_Provided data_
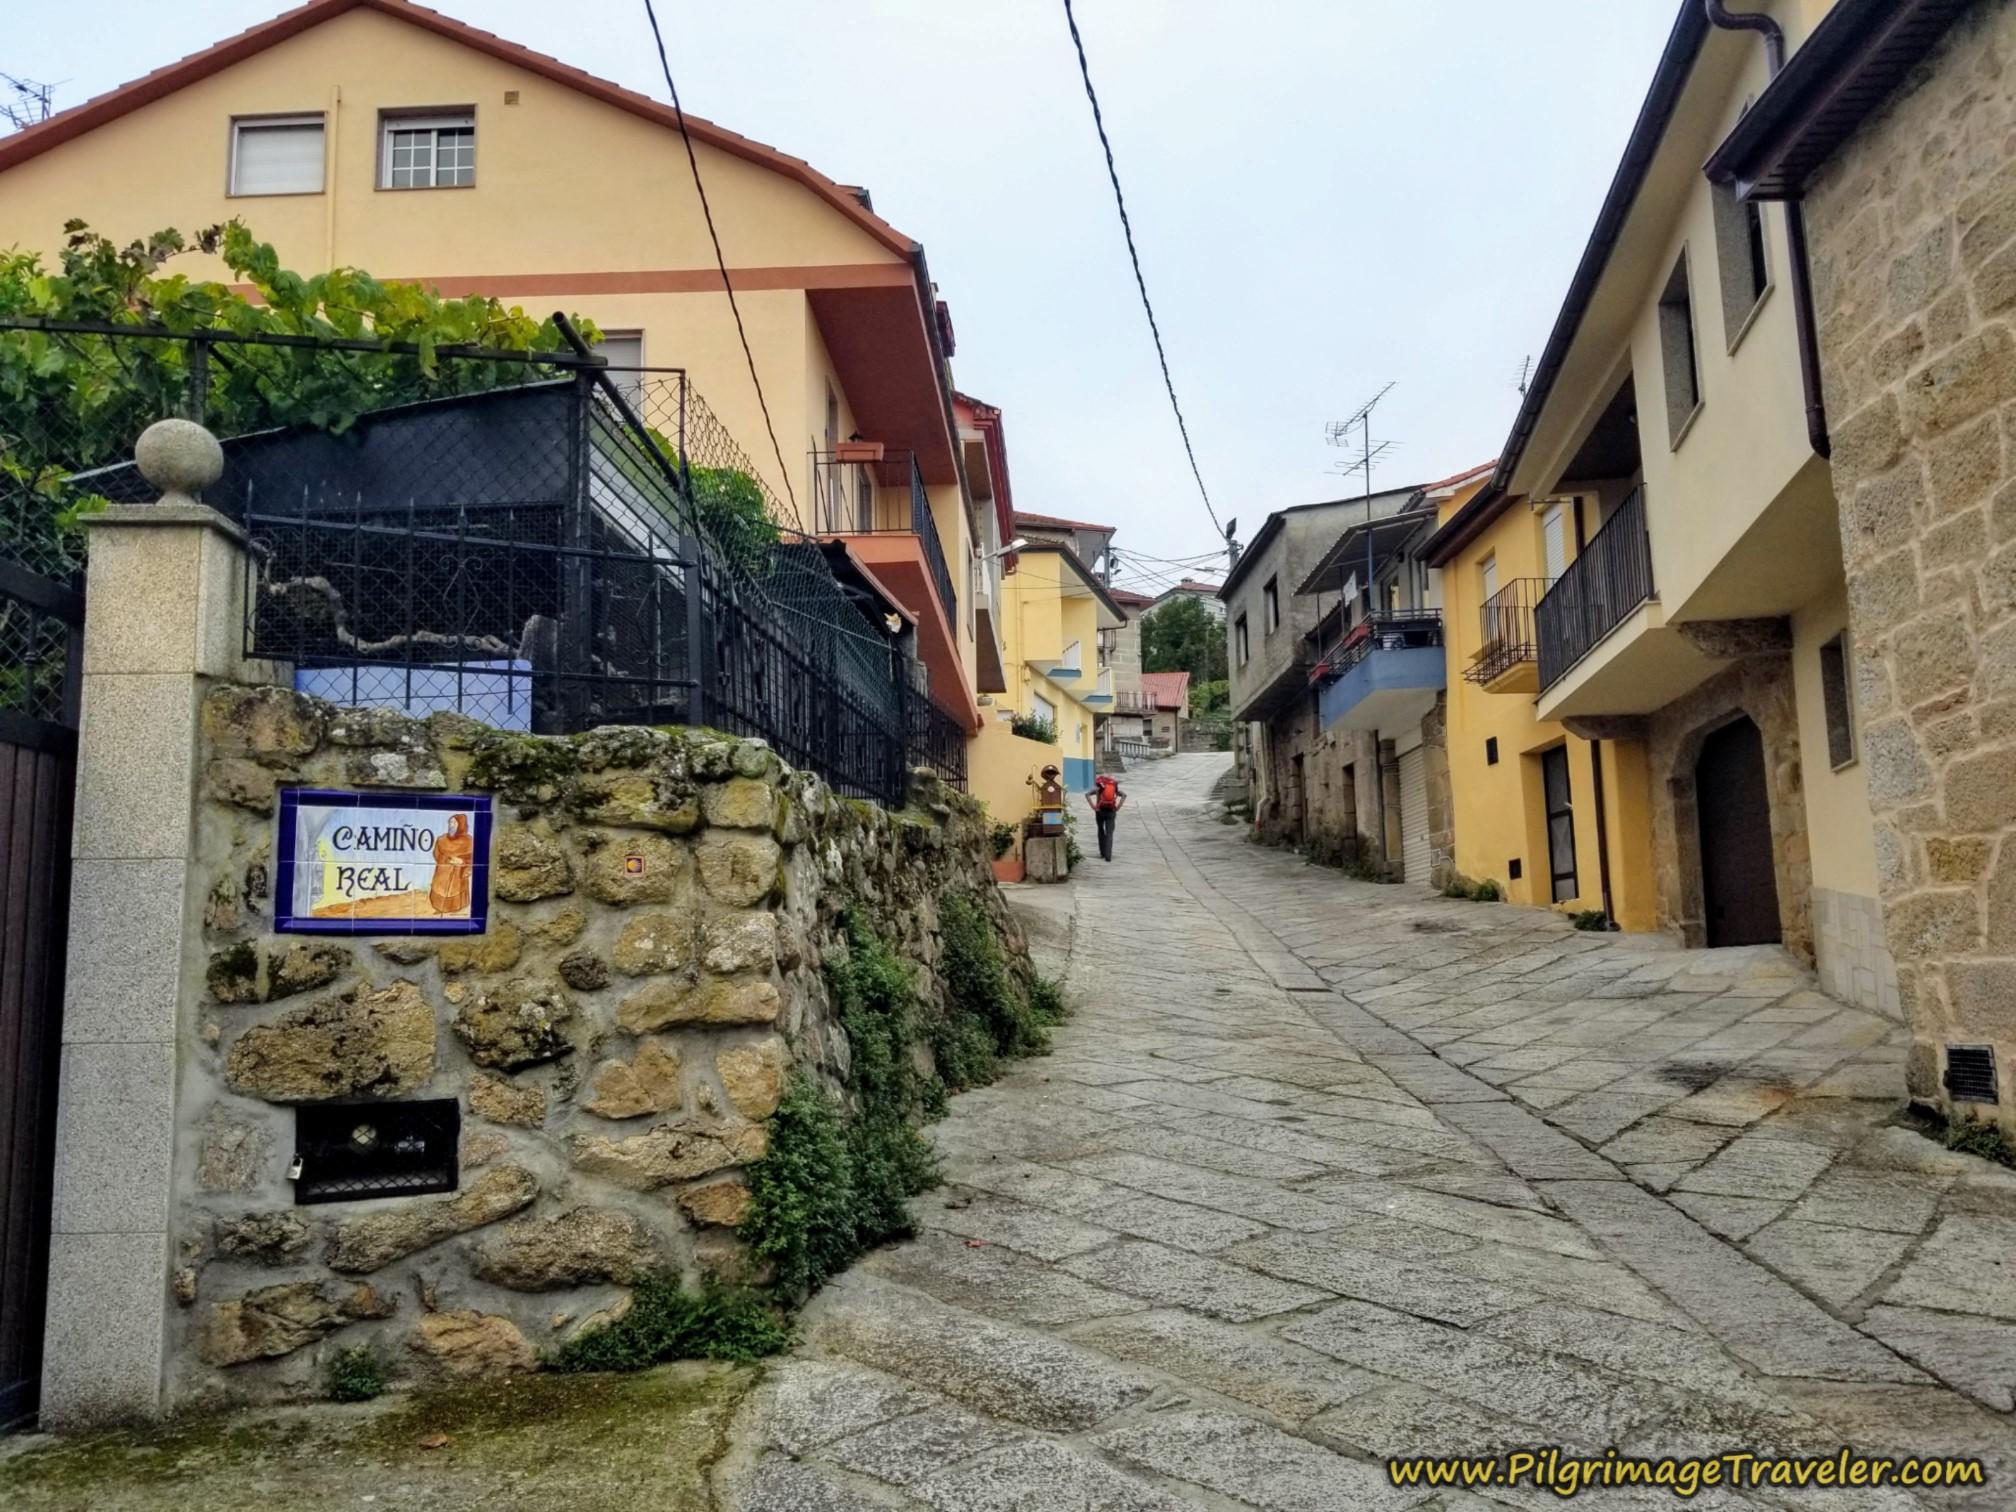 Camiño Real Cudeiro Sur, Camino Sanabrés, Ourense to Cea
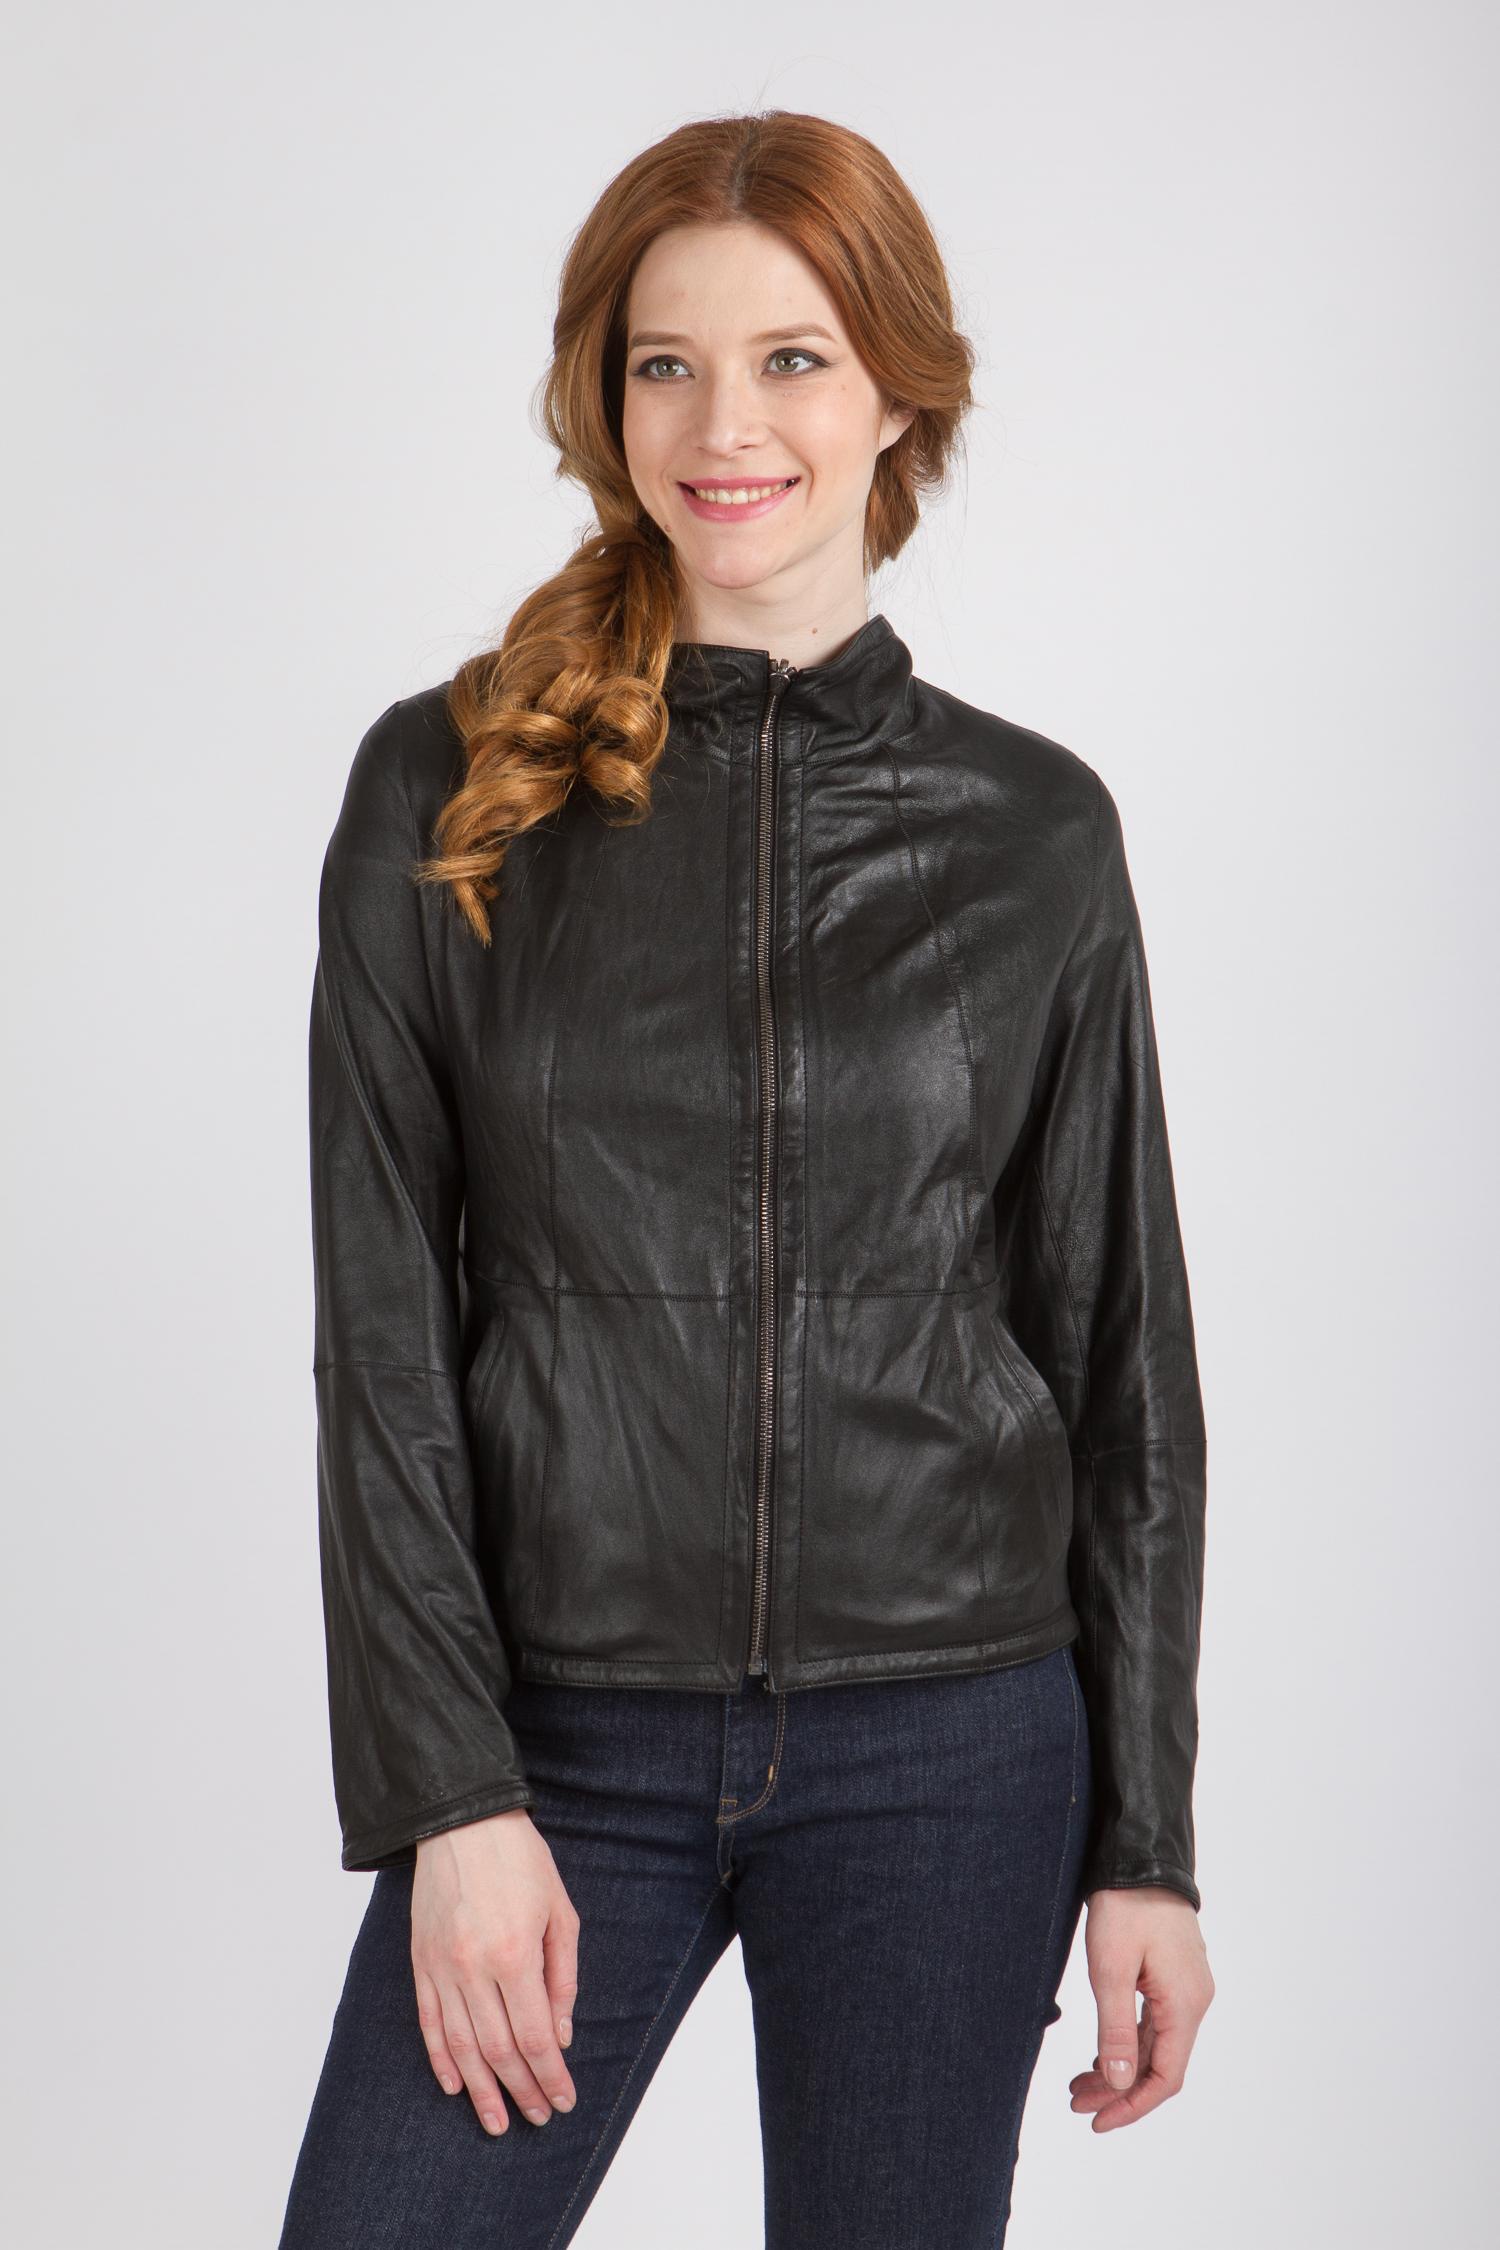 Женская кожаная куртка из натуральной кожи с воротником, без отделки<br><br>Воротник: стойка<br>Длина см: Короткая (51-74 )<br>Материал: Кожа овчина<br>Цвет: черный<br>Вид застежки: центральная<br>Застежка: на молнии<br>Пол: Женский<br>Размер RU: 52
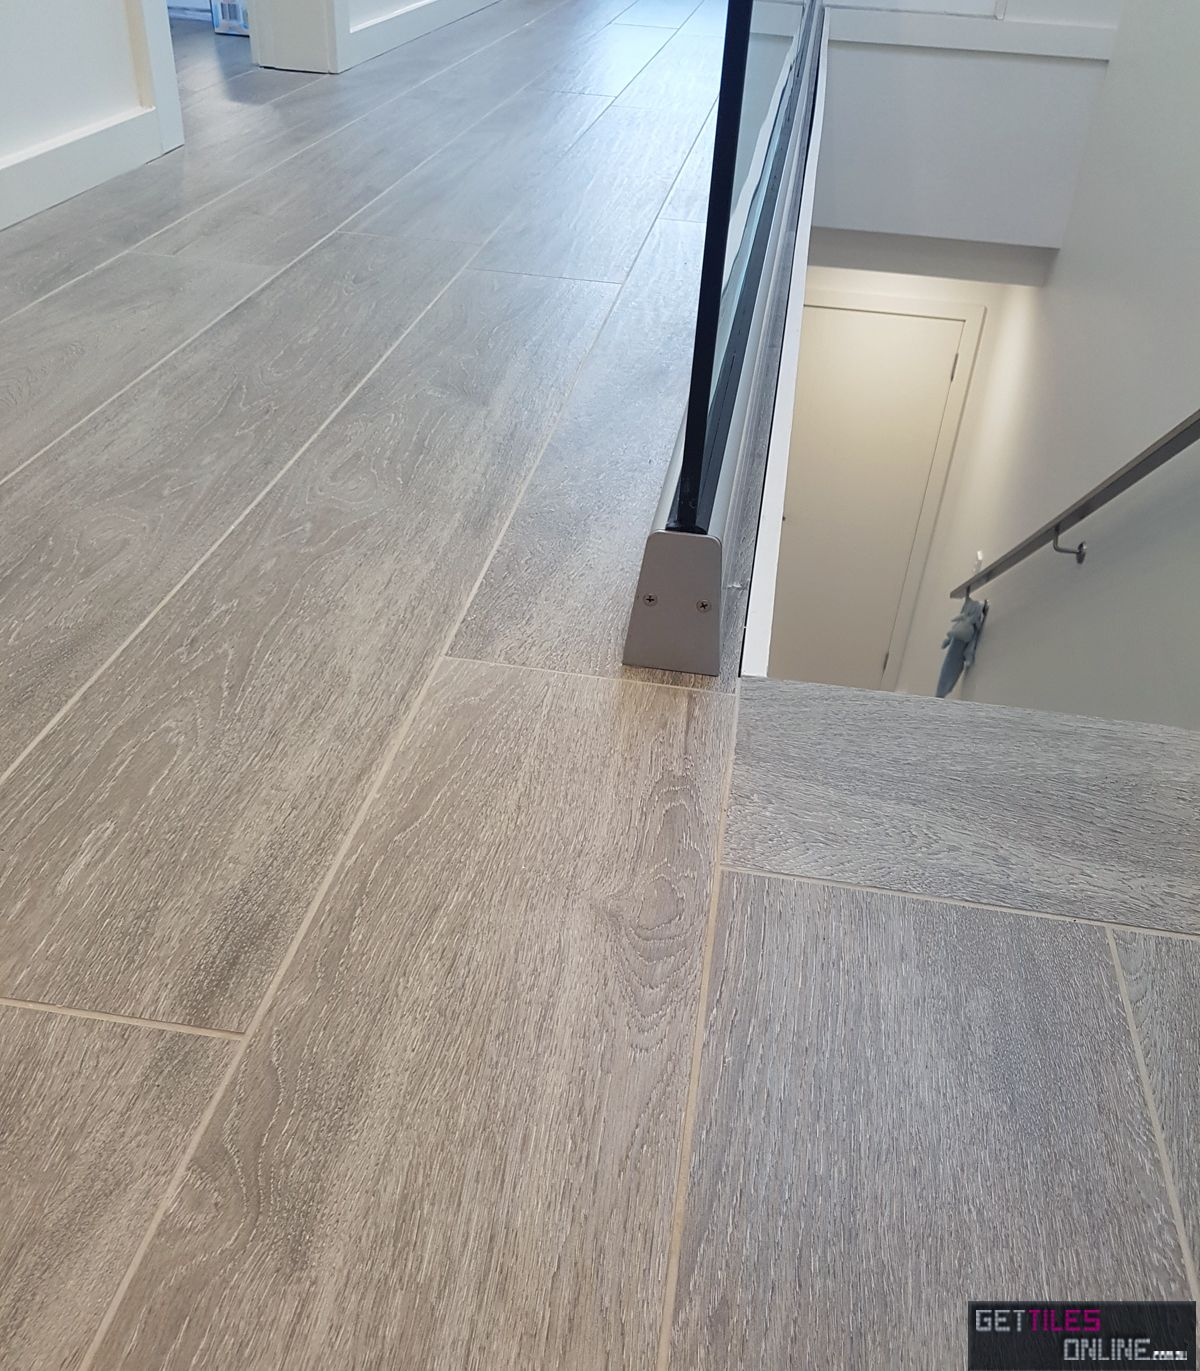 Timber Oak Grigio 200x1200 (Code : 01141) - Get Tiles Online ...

_What is needed_
In the answer, retype exactly and only the lines from the one holding "Женская кожаная куртка" through the end of the listing, keeping both ends and dropping every picture.

_Response to this task_
 Женская кожаная куртка из натуральной кожи с воротником, без отделки<br><br>Воротник: стойка<br>Длина см: Короткая (51-74 )<br>Материал: Кожа овчина<br>Цвет: черный<br>Вид застежки: центральная<br>Застежка: на молнии<br>Пол: Женский<br>Размер RU: 52
 Timber Oak Grigio 200x1200 (Code : 01141) - Get Tiles Online ...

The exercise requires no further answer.